The use smaller-sized convolutional filters, e.g., 3x3 rather than large convolutional filters, e.g., 7x7, is a common convention of the  recent CNN architectures due tomultiple reasons. First, residual stacking with several layers composed of 3x3 is more non-linear to the network. The activation functions occur after each layer, thus with three 3x3 layers more activation operations can be performed than with one 7x7 layer, and in this away deeper and expressive networks are possible. Secondly, 3x3 filters have better usage of parameters. As an example, that 7x7 convolutional layer with input and output channels, C would have 49C 2 parameters, but with three convolutional layers of three pixels in size stacked on top of each other, we need only 27C 2 parameters a little more tanh half. The three 3x3 layers were keeping only 7x7 fields of influence despite the reduced parameter number effectively, the network would be able to comprehend the same spatial information with the benefit of marginally more learning capabilities and less computations.

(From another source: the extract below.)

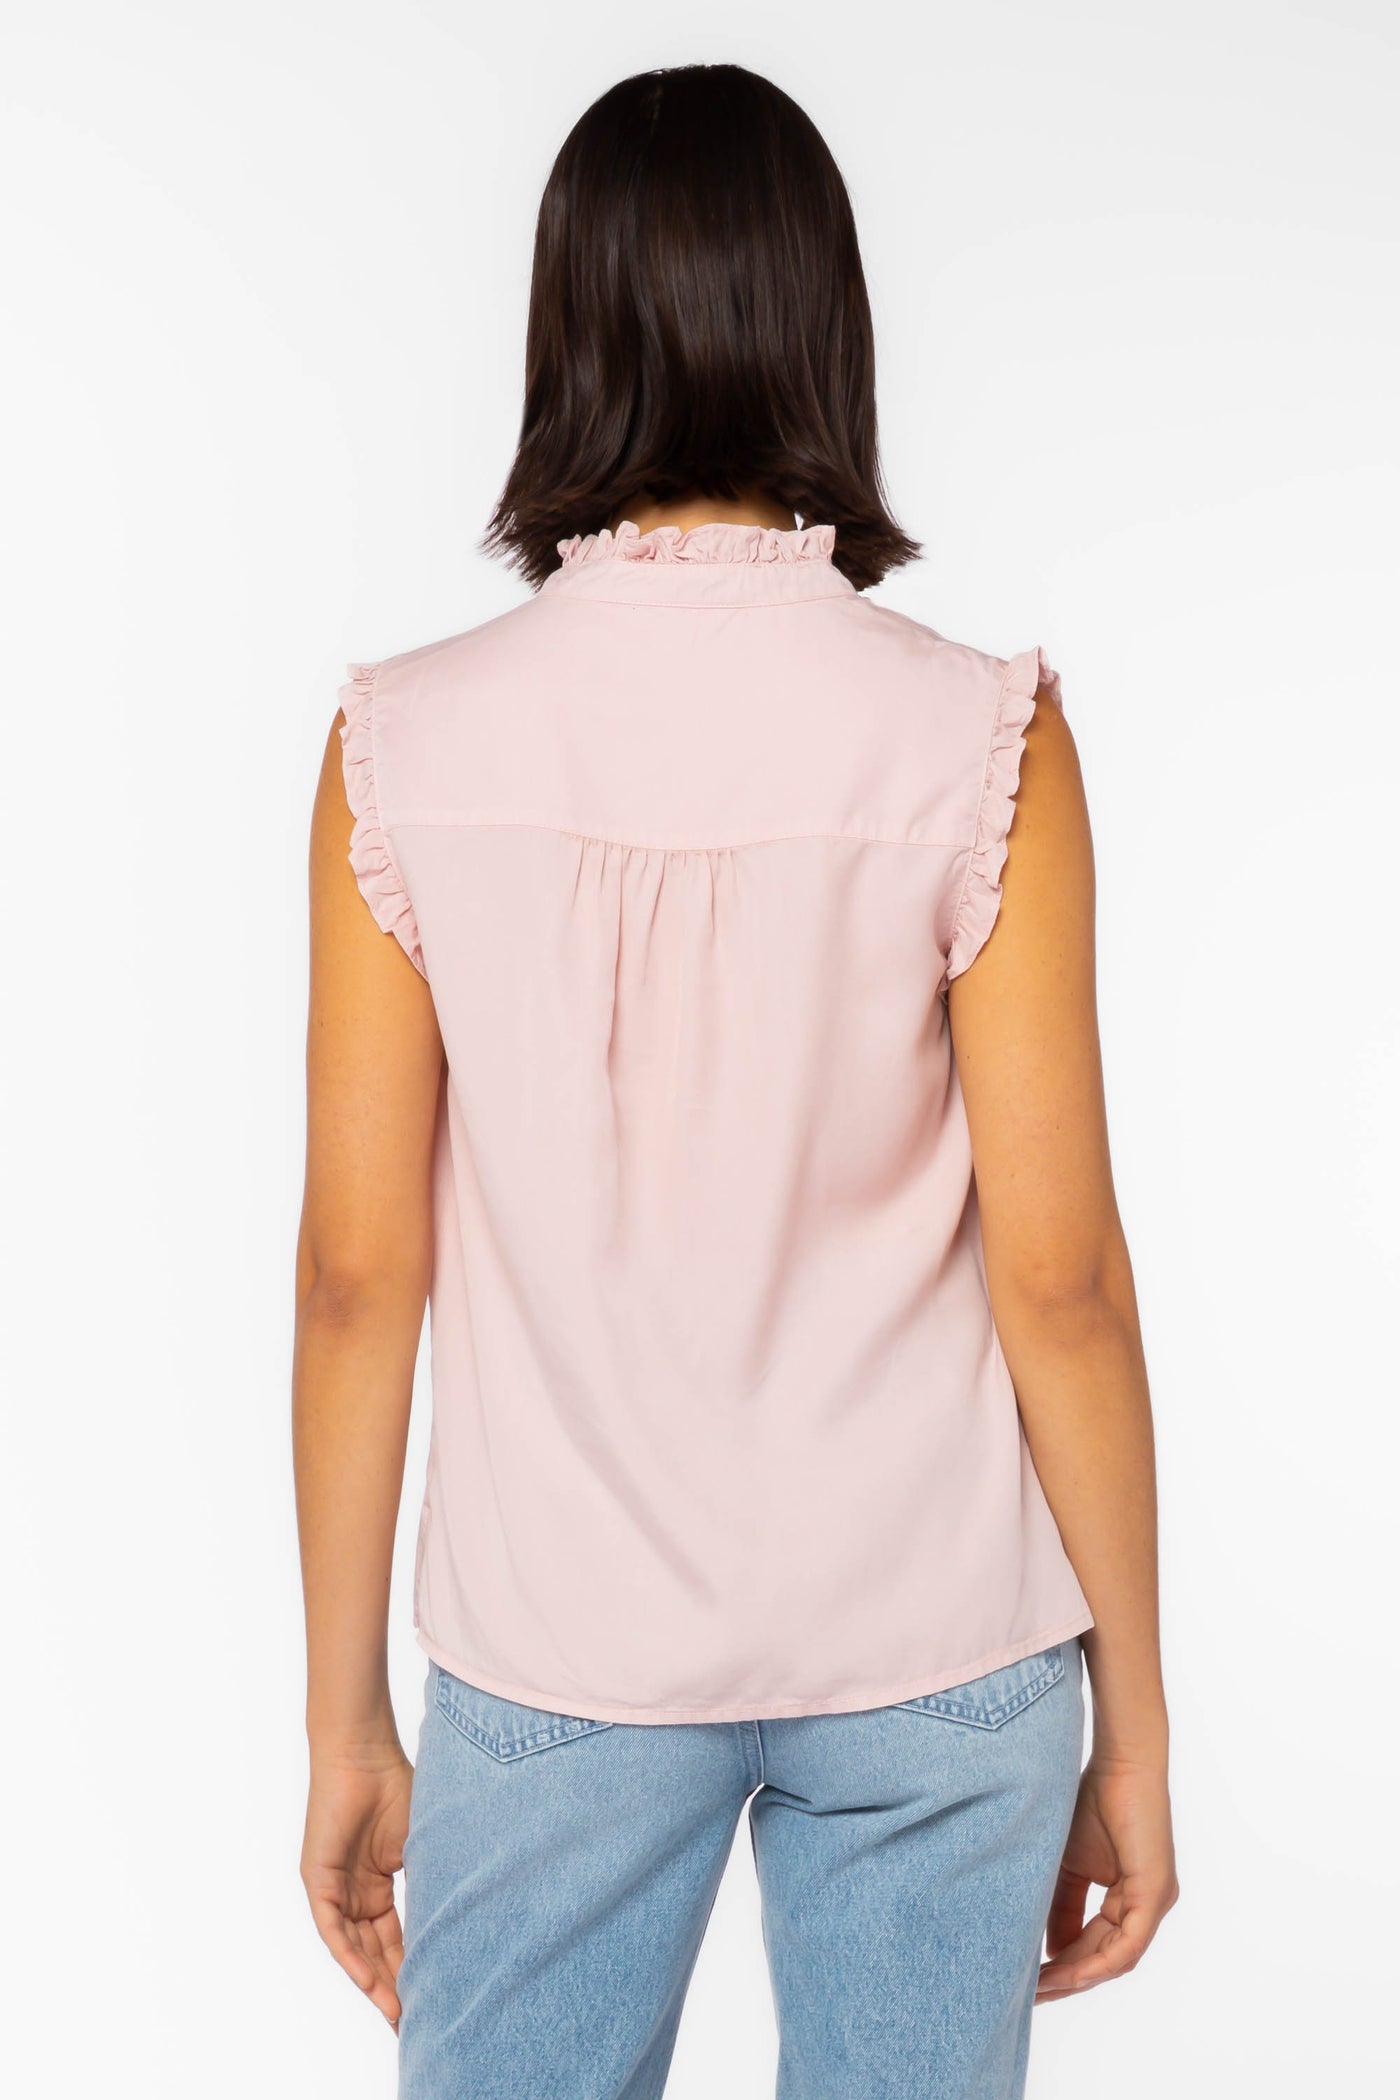 Dana Pink Shirt - Tops - Velvet Heart Clothing

**The effect of a 1x1 filter with no height or width direction**

This convolution filter fails to extract spatial information because height has a value of one and also the width. Rather, it acts on the channel dimension instead and has the effect of instantaneously performing a fully conected layer on every pixel position in the image. Primary applications of 1x1 filters are: reducing dimensionality of the input, e.g. reducing the number of channels prior to undergoing a more expensive computation-wise convolution and embedding the network with additional depth whitout expanding it spatially. Further, learning non-linear combination in the feature channels can be done using 1 by 1 convolutions. The idea was conceived in the Network-in-Network (NIN) architecture and it has been successfully implemented by GoogLeNet (Inception), in which it was instrumental to reduce the depth of the networks and improve efficiency.